■ Problem: Below are some records; quote exactly the lines from the one that contains "Brigadas de vacunación" through the one that contains "Steelbird GT Off", inclusive, and no others.

■ The input:
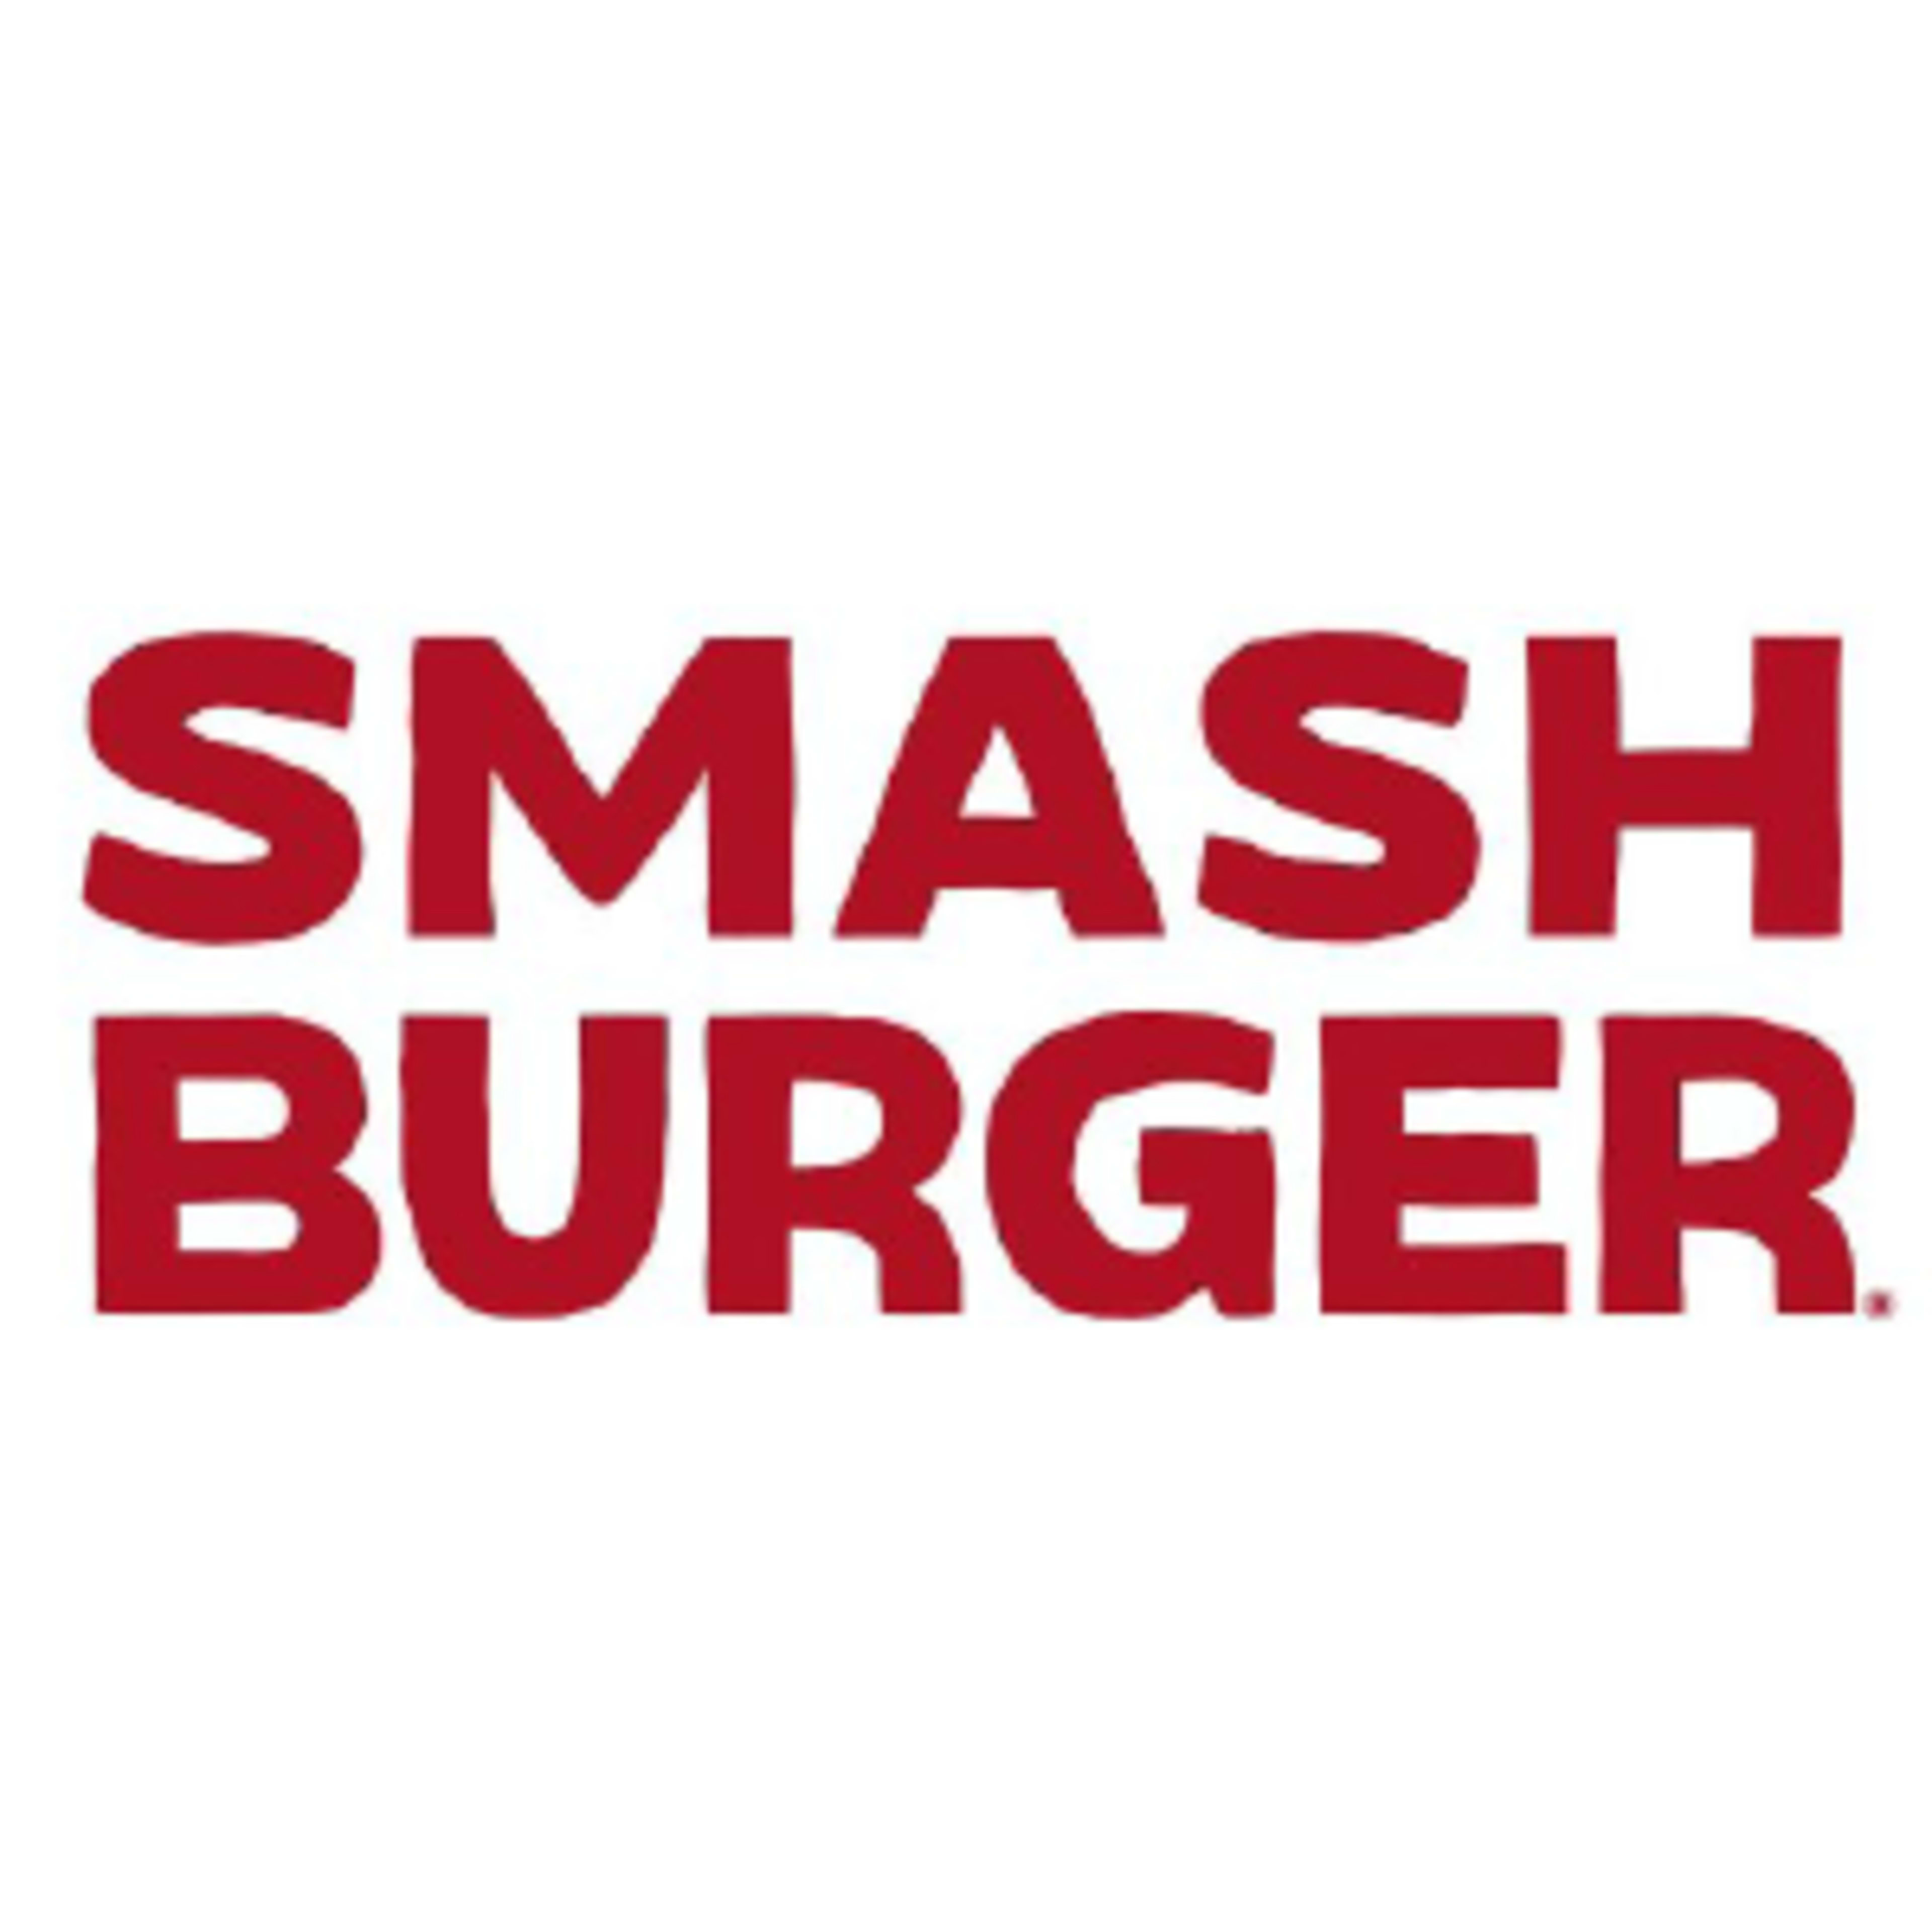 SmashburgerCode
--
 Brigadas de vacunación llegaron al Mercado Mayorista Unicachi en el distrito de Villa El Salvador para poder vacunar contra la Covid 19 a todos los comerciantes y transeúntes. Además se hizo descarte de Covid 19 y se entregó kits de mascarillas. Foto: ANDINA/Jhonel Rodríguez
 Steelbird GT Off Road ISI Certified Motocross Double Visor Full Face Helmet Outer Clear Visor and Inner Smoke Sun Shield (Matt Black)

■ Answer to this task:
 Brigadas de vacunación llegaron al Mercado Mayorista Unicachi en el distrito de Villa El Salvador para poder vacunar contra la Covid 19 a todos los comerciantes y transeúntes. Además se hizo descarte de Covid 19 y se entregó kits de mascarillas. Foto: ANDINA/Jhonel Rodríguez
 Steelbird GT Off Road ISI Certified Motocross Double Visor Full Face Helmet Outer Clear Visor and Inner Smoke Sun Shield (Matt Black)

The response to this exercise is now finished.